**** RECORDS FOR THE TASK ****

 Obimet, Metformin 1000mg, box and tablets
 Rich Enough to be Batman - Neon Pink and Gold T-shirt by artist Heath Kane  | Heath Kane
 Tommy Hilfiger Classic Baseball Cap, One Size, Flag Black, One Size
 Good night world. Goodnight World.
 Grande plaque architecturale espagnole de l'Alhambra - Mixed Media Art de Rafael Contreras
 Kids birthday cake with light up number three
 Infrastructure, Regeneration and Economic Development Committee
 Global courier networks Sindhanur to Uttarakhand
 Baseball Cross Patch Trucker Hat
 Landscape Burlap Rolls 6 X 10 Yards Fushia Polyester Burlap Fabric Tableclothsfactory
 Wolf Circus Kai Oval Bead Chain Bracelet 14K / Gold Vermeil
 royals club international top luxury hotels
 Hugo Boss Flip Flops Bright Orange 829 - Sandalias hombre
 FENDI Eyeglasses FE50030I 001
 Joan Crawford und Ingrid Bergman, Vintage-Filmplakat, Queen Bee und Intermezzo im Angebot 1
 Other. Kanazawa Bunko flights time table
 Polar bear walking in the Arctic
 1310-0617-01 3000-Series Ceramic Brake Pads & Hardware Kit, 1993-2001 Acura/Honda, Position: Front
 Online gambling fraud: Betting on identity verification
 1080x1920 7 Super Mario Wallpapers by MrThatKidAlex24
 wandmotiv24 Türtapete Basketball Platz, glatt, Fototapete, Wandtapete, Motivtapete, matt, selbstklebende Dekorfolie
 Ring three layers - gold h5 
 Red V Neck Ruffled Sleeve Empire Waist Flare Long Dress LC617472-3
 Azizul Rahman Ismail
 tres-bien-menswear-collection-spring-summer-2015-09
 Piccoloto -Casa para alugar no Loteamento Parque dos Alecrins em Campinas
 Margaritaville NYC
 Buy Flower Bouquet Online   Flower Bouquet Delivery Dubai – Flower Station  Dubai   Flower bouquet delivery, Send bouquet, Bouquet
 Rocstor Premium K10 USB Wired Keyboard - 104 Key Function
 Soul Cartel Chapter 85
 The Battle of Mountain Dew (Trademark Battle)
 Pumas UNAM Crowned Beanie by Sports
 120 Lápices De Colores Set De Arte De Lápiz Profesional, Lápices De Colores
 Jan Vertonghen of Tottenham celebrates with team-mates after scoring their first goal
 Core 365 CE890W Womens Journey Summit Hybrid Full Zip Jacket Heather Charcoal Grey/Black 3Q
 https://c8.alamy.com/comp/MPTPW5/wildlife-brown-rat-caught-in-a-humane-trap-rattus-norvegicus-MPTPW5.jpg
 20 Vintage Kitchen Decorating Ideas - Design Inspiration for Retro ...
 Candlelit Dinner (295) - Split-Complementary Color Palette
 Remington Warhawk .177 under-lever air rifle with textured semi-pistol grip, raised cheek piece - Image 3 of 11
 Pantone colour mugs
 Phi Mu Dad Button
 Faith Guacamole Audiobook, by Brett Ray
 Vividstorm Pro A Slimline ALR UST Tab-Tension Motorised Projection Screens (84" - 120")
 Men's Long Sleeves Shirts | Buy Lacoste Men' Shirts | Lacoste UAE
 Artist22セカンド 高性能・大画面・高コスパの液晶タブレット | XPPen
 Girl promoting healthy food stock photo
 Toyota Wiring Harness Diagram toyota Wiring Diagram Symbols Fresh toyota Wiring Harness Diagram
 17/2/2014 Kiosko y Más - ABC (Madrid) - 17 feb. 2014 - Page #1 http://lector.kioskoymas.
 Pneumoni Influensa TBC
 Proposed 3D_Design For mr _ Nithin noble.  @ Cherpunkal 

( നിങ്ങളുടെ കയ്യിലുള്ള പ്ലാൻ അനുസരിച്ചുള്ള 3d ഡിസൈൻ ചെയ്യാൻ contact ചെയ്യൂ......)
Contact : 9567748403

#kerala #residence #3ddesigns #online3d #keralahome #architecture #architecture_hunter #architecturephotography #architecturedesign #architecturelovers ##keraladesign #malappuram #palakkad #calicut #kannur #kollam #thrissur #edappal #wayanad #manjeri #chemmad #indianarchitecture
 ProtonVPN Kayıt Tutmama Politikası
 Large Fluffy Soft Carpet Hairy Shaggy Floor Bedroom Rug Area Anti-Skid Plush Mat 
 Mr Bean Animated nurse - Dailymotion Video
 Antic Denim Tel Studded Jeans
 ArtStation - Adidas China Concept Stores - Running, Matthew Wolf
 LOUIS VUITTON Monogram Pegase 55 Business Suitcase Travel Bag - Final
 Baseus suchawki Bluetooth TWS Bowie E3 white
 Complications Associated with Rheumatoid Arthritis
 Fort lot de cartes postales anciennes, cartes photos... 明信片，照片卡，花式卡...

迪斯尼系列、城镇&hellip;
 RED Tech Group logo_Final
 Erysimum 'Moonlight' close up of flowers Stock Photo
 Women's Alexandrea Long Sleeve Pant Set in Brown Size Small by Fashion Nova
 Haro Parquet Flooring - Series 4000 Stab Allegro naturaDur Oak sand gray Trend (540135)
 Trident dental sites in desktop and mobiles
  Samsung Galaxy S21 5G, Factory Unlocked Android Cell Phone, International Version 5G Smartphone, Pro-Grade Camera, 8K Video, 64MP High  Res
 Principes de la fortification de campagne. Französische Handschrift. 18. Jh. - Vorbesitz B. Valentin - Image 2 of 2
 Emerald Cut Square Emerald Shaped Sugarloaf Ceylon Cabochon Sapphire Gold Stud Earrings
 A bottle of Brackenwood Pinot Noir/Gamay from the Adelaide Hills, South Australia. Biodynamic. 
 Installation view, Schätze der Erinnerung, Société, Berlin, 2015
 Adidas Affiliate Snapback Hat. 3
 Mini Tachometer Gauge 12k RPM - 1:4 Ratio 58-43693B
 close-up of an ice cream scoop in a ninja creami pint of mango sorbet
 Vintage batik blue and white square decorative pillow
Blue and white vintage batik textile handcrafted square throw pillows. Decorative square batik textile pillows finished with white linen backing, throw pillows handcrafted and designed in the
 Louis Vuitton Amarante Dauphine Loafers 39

****

## [AIM OF THE EXERCISE]
In full and word for word, reproduce the data above.

## [TASK RESULT]
 Obimet, Metformin 1000mg, box and tablets
 Rich Enough to be Batman - Neon Pink and Gold T-shirt by artist Heath Kane  | Heath Kane
 Tommy Hilfiger Classic Baseball Cap, One Size, Flag Black, One Size
 Good night world. Goodnight World.
 Grande plaque architecturale espagnole de l'Alhambra - Mixed Media Art de Rafael Contreras
 Kids birthday cake with light up number three
 Infrastructure, Regeneration and Economic Development Committee
 Global courier networks Sindhanur to Uttarakhand
 Baseball Cross Patch Trucker Hat
 Landscape Burlap Rolls 6 X 10 Yards Fushia Polyester Burlap Fabric Tableclothsfactory
 Wolf Circus Kai Oval Bead Chain Bracelet 14K / Gold Vermeil
 royals club international top luxury hotels
 Hugo Boss Flip Flops Bright Orange 829 - Sandalias hombre
 FENDI Eyeglasses FE50030I 001
 Joan Crawford und Ingrid Bergman, Vintage-Filmplakat, Queen Bee und Intermezzo im Angebot 1
 Other. Kanazawa Bunko flights time table
 Polar bear walking in the Arctic
 1310-0617-01 3000-Series Ceramic Brake Pads & Hardware Kit, 1993-2001 Acura/Honda, Position: Front
 Online gambling fraud: Betting on identity verification
 1080x1920 7 Super Mario Wallpapers by MrThatKidAlex24
 wandmotiv24 Türtapete Basketball Platz, glatt, Fototapete, Wandtapete, Motivtapete, matt, selbstklebende Dekorfolie
 Ring three layers - gold h5 
 Red V Neck Ruffled Sleeve Empire Waist Flare Long Dress LC617472-3
 Azizul Rahman Ismail
 tres-bien-menswear-collection-spring-summer-2015-09
 Piccoloto -Casa para alugar no Loteamento Parque dos Alecrins em Campinas
 Margaritaville NYC
 Buy Flower Bouquet Online   Flower Bouquet Delivery Dubai – Flower Station  Dubai   Flower bouquet delivery, Send bouquet, Bouquet
 Rocstor Premium K10 USB Wired Keyboard - 104 Key Function
 Soul Cartel Chapter 85
 The Battle of Mountain Dew (Trademark Battle)
 Pumas UNAM Crowned Beanie by Sports
 120 Lápices De Colores Set De Arte De Lápiz Profesional, Lápices De Colores
 Jan Vertonghen of Tottenham celebrates with team-mates after scoring their first goal
 Core 365 CE890W Womens Journey Summit Hybrid Full Zip Jacket Heather Charcoal Grey/Black 3Q
 https://c8.alamy.com/comp/MPTPW5/wildlife-brown-rat-caught-in-a-humane-trap-rattus-norvegicus-MPTPW5.jpg
 20 Vintage Kitchen Decorating Ideas - Design Inspiration for Retro ...
 Candlelit Dinner (295) - Split-Complementary Color Palette
 Remington Warhawk .177 under-lever air rifle with textured semi-pistol grip, raised cheek piece - Image 3 of 11
 Pantone colour mugs
 Phi Mu Dad Button
 Faith Guacamole Audiobook, by Brett Ray
 Vividstorm Pro A Slimline ALR UST Tab-Tension Motorised Projection Screens (84" - 120")
 Men's Long Sleeves Shirts | Buy Lacoste Men' Shirts | Lacoste UAE
 Artist22セカンド 高性能・大画面・高コスパの液晶タブレット | XPPen
 Girl promoting healthy food stock photo
 Toyota Wiring Harness Diagram toyota Wiring Diagram Symbols Fresh toyota Wiring Harness Diagram
 17/2/2014 Kiosko y Más - ABC (Madrid) - 17 feb. 2014 - Page #1 http://lector.kioskoymas.
 Pneumoni Influensa TBC
 Proposed 3D_Design For mr _ Nithin noble.  @ Cherpunkal 

( നിങ്ങളുടെ കയ്യിലുള്ള പ്ലാൻ അനുസരിച്ചുള്ള 3d ഡിസൈൻ ചെയ്യാൻ contact ചെയ്യൂ......)
Contact : 9567748403

#kerala #residence #3ddesigns #online3d #keralahome #architecture #architecture_hunter #architecturephotography #architecturedesign #architecturelovers ##keraladesign #malappuram #palakkad #calicut #kannur #kollam #thrissur #edappal #wayanad #manjeri #chemmad #indianarchitecture
 ProtonVPN Kayıt Tutmama Politikası
 Large Fluffy Soft Carpet Hairy Shaggy Floor Bedroom Rug Area Anti-Skid Plush Mat 
 Mr Bean Animated nurse - Dailymotion Video
 Antic Denim Tel Studded Jeans
 ArtStation - Adidas China Concept Stores - Running, Matthew Wolf
 LOUIS VUITTON Monogram Pegase 55 Business Suitcase Travel Bag - Final
 Baseus suchawki Bluetooth TWS Bowie E3 white
 Complications Associated with Rheumatoid Arthritis
 Fort lot de cartes postales anciennes, cartes photos... 明信片，照片卡，花式卡...

迪斯尼系列、城镇&hellip;
 RED Tech Group logo_Final
 Erysimum 'Moonlight' close up of flowers Stock Photo
 Women's Alexandrea Long Sleeve Pant Set in Brown Size Small by Fashion Nova
 Haro Parquet Flooring - Series 4000 Stab Allegro naturaDur Oak sand gray Trend (540135)
 Trident dental sites in desktop and mobiles
  Samsung Galaxy S21 5G, Factory Unlocked Android Cell Phone, International Version 5G Smartphone, Pro-Grade Camera, 8K Video, 64MP High  Res
 Principes de la fortification de campagne. Französische Handschrift. 18. Jh. - Vorbesitz B. Valentin - Image 2 of 2
 Emerald Cut Square Emerald Shaped Sugarloaf Ceylon Cabochon Sapphire Gold Stud Earrings
 A bottle of Brackenwood Pinot Noir/Gamay from the Adelaide Hills, South Australia. Biodynamic. 
 Installation view, Schätze der Erinnerung, Société, Berlin, 2015
 Adidas Affiliate Snapback Hat. 3
 Mini Tachometer Gauge 12k RPM - 1:4 Ratio 58-43693B
 close-up of an ice cream scoop in a ninja creami pint of mango sorbet
 Vintage batik blue and white square decorative pillow
Blue and white vintage batik textile handcrafted square throw pillows. Decorative square batik textile pillows finished with white linen backing, throw pillows handcrafted and designed in the
 Louis Vuitton Amarante Dauphine Loafers 39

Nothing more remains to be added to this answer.